Worcester Chamber Gets Behind Local Manufacturing
Tuesday, October 08, 2013
“Manufacturing is about 17% of the employment base in Central Massachusetts,” said Tim Murray, President and CEO of the Worcester Chamber of Commerce and former Massachusetts Lieutenant Governor. “We want to bring in our manufacturers to better understand what their needs are, and to do what we can to support and advocate for them so we can maintain and support jobs.”
The manufacturing sector has been steadily recovering from the nationwide economic recession, said Murray, providing solid, middle-class jobs to Worcester County residents.
“Manufacturing had been in sharp decline from the end of World War II to quite recently, but manufacturing is starting to come back in the state” said Barry Bluestone, Founding Director of the Dukakis Center for Urban and Regional Policy.

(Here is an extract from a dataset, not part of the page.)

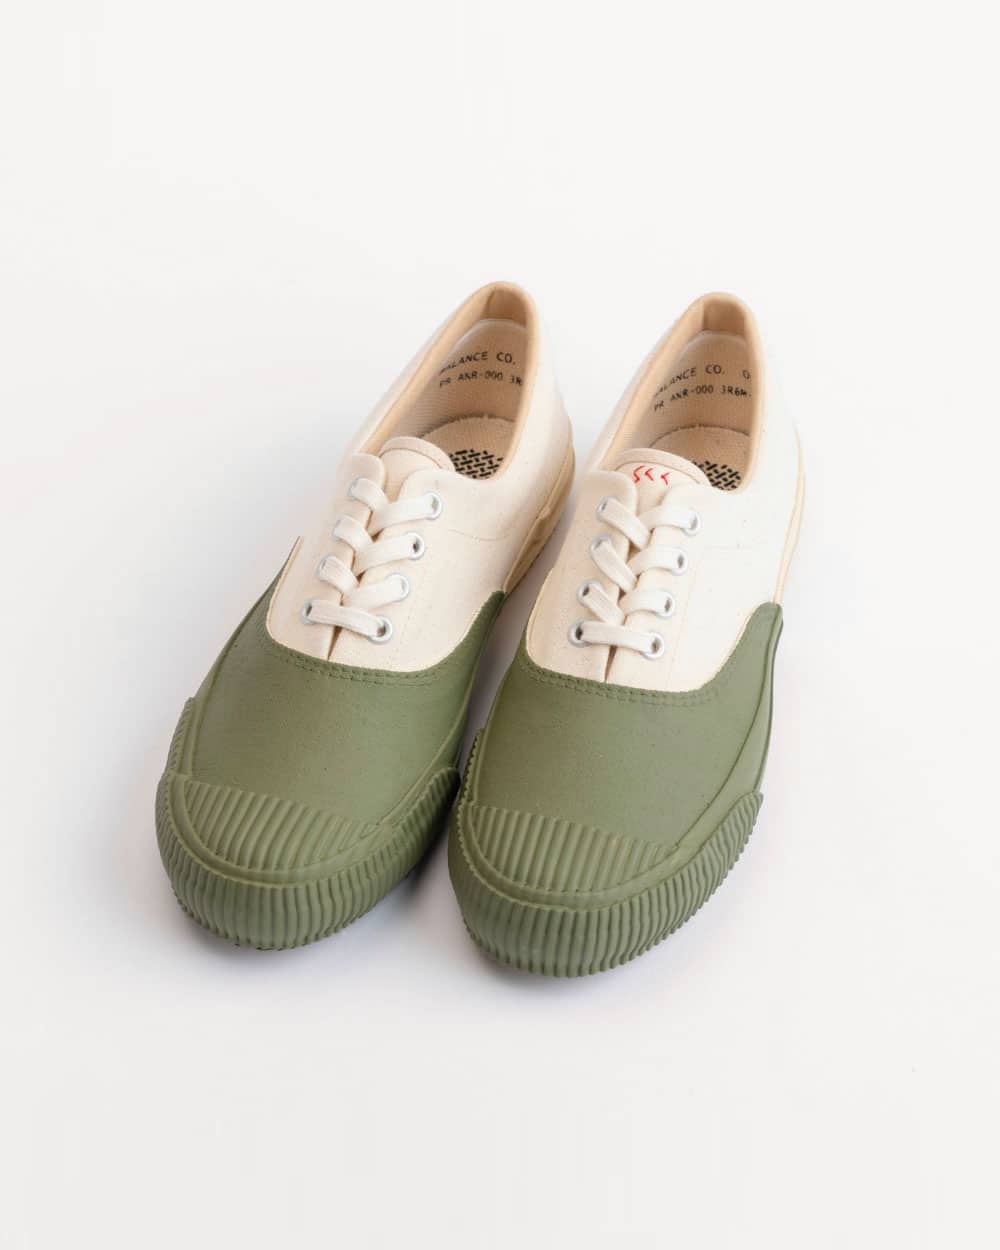 PRAS Shellcap Deck Sneakers Hand Painted Olive — Those That Know

According to data collected by the Dukakis Center, in 2007 there were 1089 manufacturing firms in Worcester County. These firms employed around 52,000 people, and had a total payroll of $2.6 billion. In 2010, the number of firms had dropped to 1,013 and employment had dropped to 35,200. Total payroll had fallen to $2.36 billion, not surprising given the state of the U.S. economy in 2010.
In 2012, the most recent year for which data is available, the number of manufacturing firms had continued to fall, but at a much slower rate. There were 955 firms in Worcester County, employing 33,700 individuals. Total payroll had climbed 2.4% to $2.42 billion.

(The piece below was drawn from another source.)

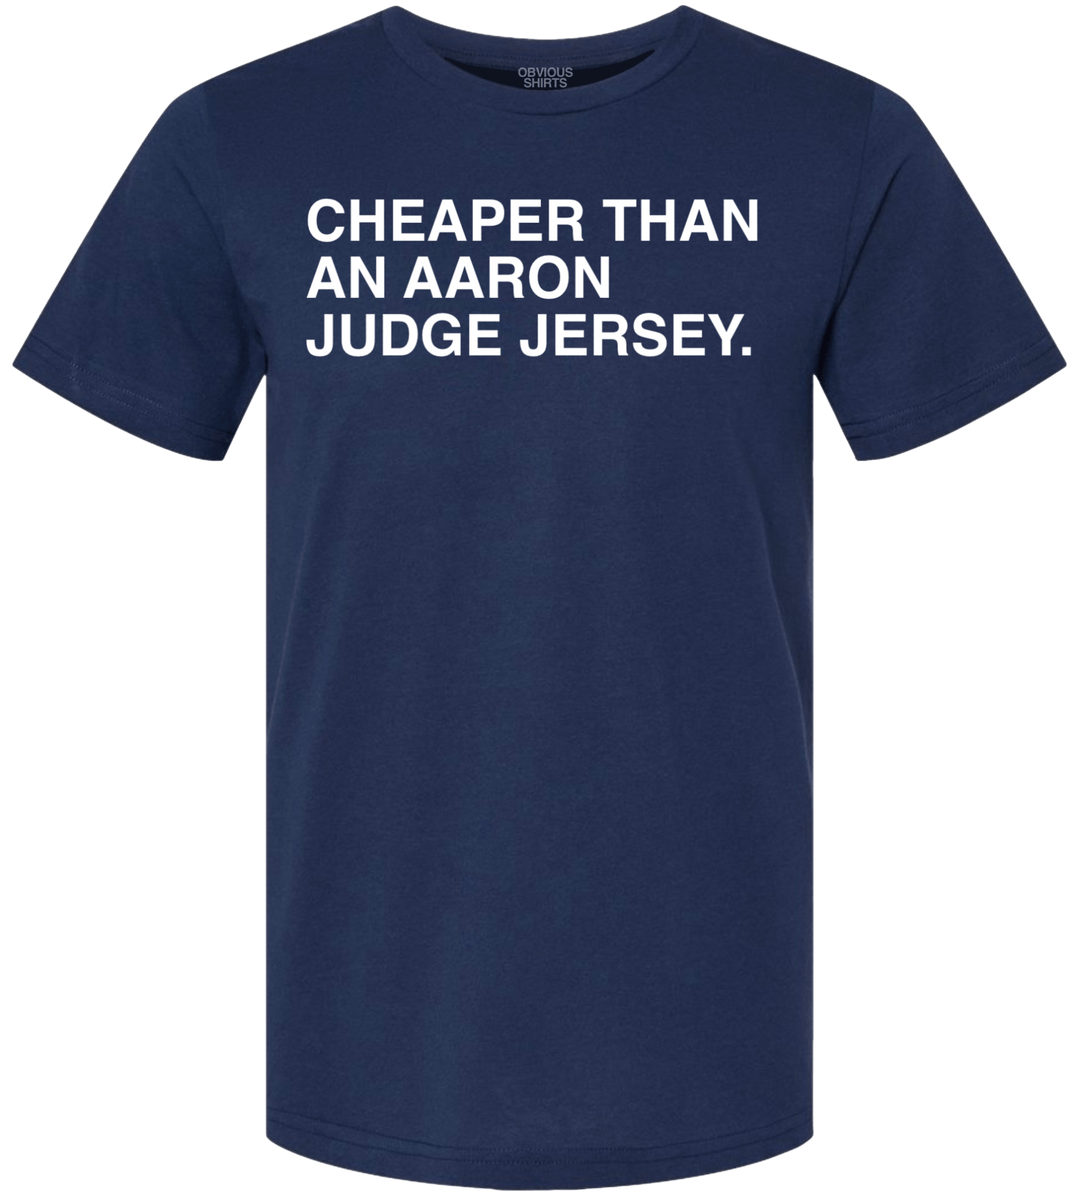 CHEAPER THAN AN AARON JUDGE JERSEY. - OBVIOUS SHIRTS

“Making things has always been an important part of our economy and we have seen encouraging signs that manufacturing is making a resurgence in the region,” said Murray. “The Chamber intends to support that trend and our manufacturing base here in Central Massachusetts. Bringing companies together and understanding their needs is just the first step.”
Another key step, according to Murray, is advocacy.
“There are perceptions that sometimes exist among parents, guidance counselors, and teachers that manufacturing is a dark, dank factory from the 1960s, and that is no longer the reality,” he said. “Part of our mission is to make sure that any parent and guidance counselor, or mentor understands the tremendous opportunity for young people.”
“Manufacturing is starting to stabilize so we’ll have much slower declines in employment and a continued rise in payroll,” said Bluestone, “plus jobs opening up because of people retiring.”
The average median wage in manufacturing is $70,000, Murray said. Recent reports indicate that almost 100,000 employees will soon be aging out or retiring from manufacturing jobs, opening a significant number of opportunities to young people looking for work.
The roundtable will hold quarterly meeting, the first of which will be held on November 6,2013 at the Saint-Gobain Abrasives in Worcester, one of the region’s largest manufacturers.